Hmmm. I have a table which is an array of structures I need to store in Java. The naive don\'t-worry-about-memory approach says do this:
public class Record
The answers that give the general "optimise when you have to" is unhelpful in this case because , IMHO, programmers should always be aware of the performance in different in design choices when that choice leads to an order of magnitude performance penalty, particularly API writers.
The original question is quite valid and I would tend to agree that the second approach is better, given his particular situation. I've written image processing code where each pixel requires a data structure, a situation not too dissimilar to this, except I needed frequent random access to each pixel. The overhead of creating one object for each pixel was enormous.
Notice that the second approach might have negative impact on caching behaviour. If you want to access a single record at a time, you'd better have that record not scattered all across the place.
Also, the only memory you win in the second approach, is (possibly) due to member alignment. (and having to allocate a separate object). Otherwise, they have exactly the same memory use, asymptotically. The first option is much better due to locality, IMO
How are you going to access the data? If the accesses over the fields are always coupled, then use the first option, if you are going to process the fields by its own, then the second option is better.
See this article in wikipedia: Parallel Array
A good example about when it's more convenient to have separate arrays could be simulations where the numerical data is packed together in the same array, and other attributes like name, colour, etc. that are accessed just for presentation of the data in other array.
The second version is much, much worse. Instead of resizing one array, you're resizing three arrays when you do an insert or delete. What's more, the second version will lead to the creation of many more temporary objects and it will do so on accesses. That could lead to a lot of garbage (from a GC point of view). Not good.
Generally speaking, you should worry about how you use the objects long before you think about performance. So you have a record with three fields or three arrays. Which one more accurately depicts what you're modeling? By this I mean, when you insert or delete an item, are you doing one of the three arrays or all three as a block?
I suspect it's the latter in which case the former makes far more sense.
If you're really concerned about insertion/deletion performance then perhaps a different data structure is appropriate, perhaps a SortedSet or a Map or SortedMap.

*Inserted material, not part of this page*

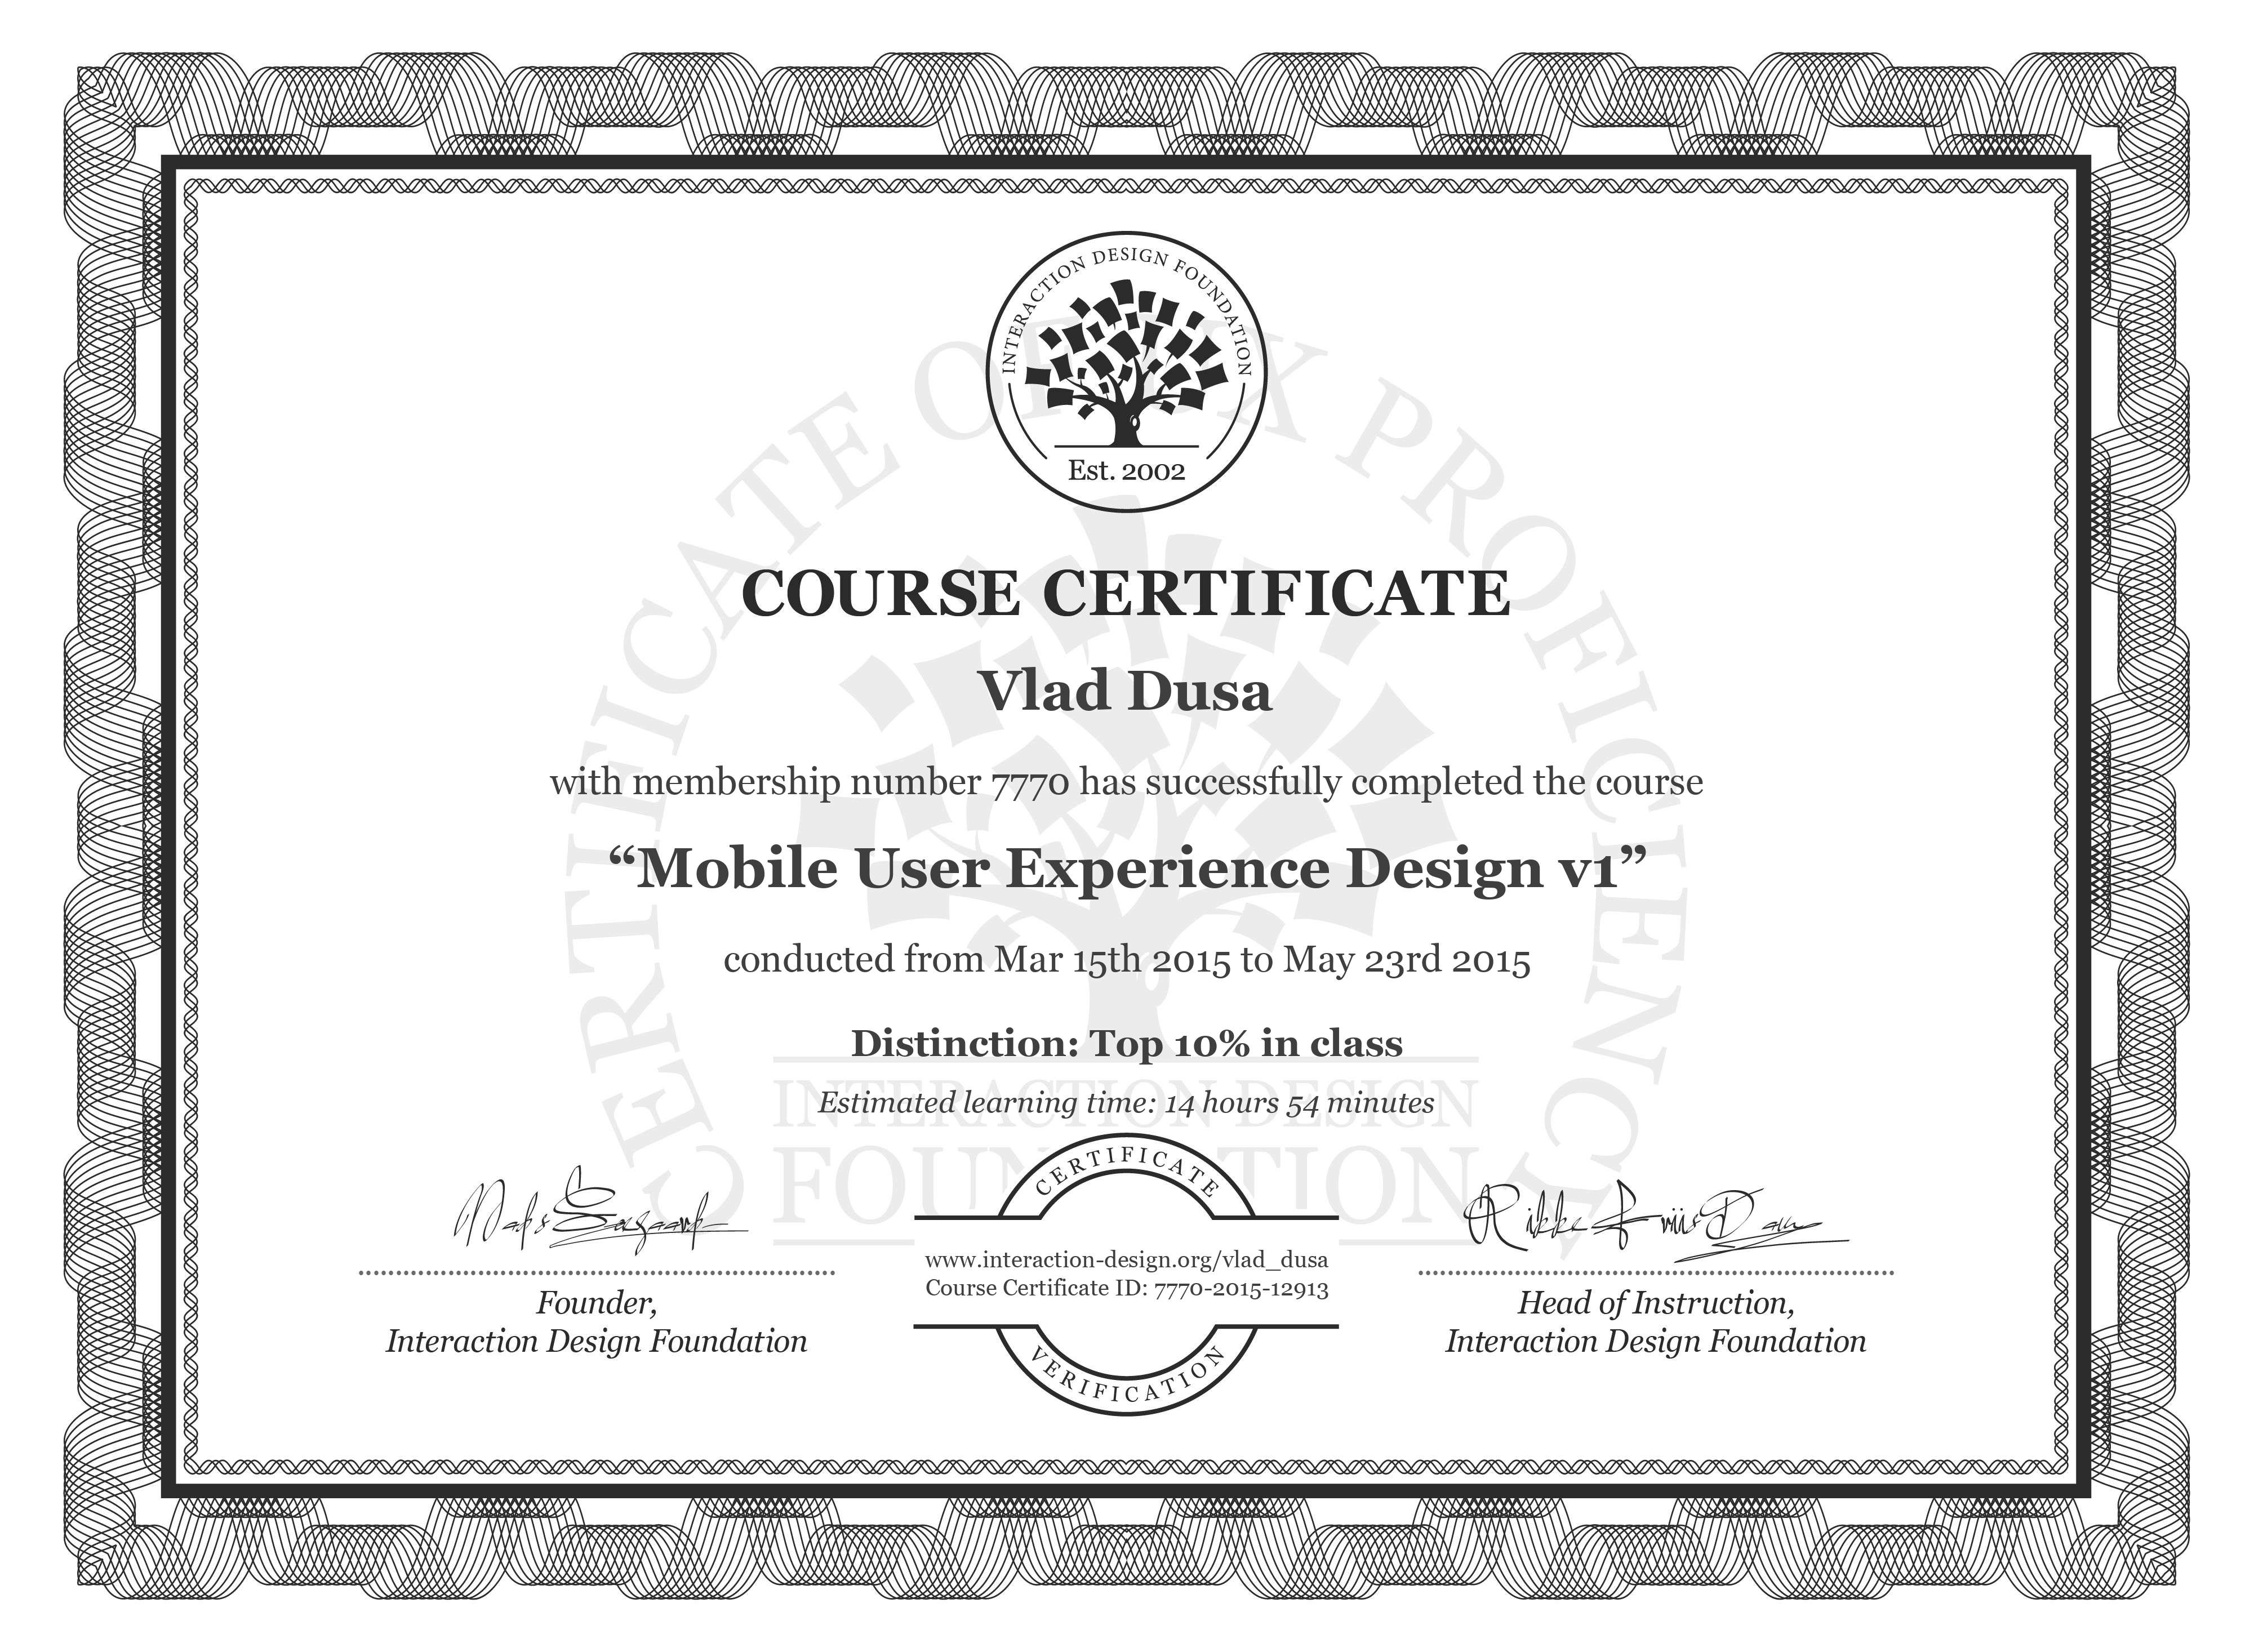 Vlad Dusa's Course Certificate: Mobile User Experience Design

If you have millions of records, the second approach has several advantages:
getRecord
), it might not be so, as modern server JVMs (e. g. Oracle's Java 7) can apply escape analysis and stack allocation to avoid heap allocation of temporary objects in some cases; anyway, GCing short-lived objects is cheap. On the other hand, it is probably easier for the garbage collector if there are not millions of long-lived objects (as there are in the first approach) whose reachability to check (or at least, such objects may make your application need more careful tuning of GC generation sizes). Thus the second approach may be better for GC performance. However, to see whether it makes a difference in the real situation, one should make a benchmark oneself.Therefore I have used the second approach quite often for very large collections. But of course, if you have enough memory and don't care about serialization, the first approach is simpler.
(Not a direct answer, but one that I think should be given)
From your comment,
"cletus -- I greatly respect your thoughts and opinions, but you gave me the high-level programming & software design viewpoint which is not what I'm looking for. I cannot learn to ignore optimization until I can get an intuitive sense for the cost of different implementation styles, and/or the ability to estimate those costs. – Jason S Jul 14 '09 at 14:27"
You should always ignore optimization until it presents itself as a problem. Most important is to have the system be usable by a developer (so they can make it usable by a user). There are very few times that you should concern yourself with optimization, in fact in ~20 years of professional coding I have cared about optimization a total of two times:
In the first case I wrote some code, then ran it through a profiler, when I wanted to do something and I was not sure which approach was best (for speed/memory) I would code one way and see the result in the profiler, then code the other way and see the result. Then I would chose the faster of the two. This works and you learn a lot about low level decisions. I did not, however, allow it to impact the higher level classes.
In the second case, there was no programming involved, but I did the same basic thing of looking at the data being sent and figuring out how to reduce the number of messages being sent as well as the number of bytes being sent.
If your code is clear then it will be easier to speed up once you find out it is slow. As Cletus said in his answer, you are resizing one time -vs- three times... one time will be faster than three. From a higher point of view the one time is simpler to understand than the three times, thus it is more likely to be correct.
Personally I'd rather get the right answer slowly then the wrong answer quickly. Once I know how to get the right answer then I can find out where the system is slow and replace those parts of it with faster implementations.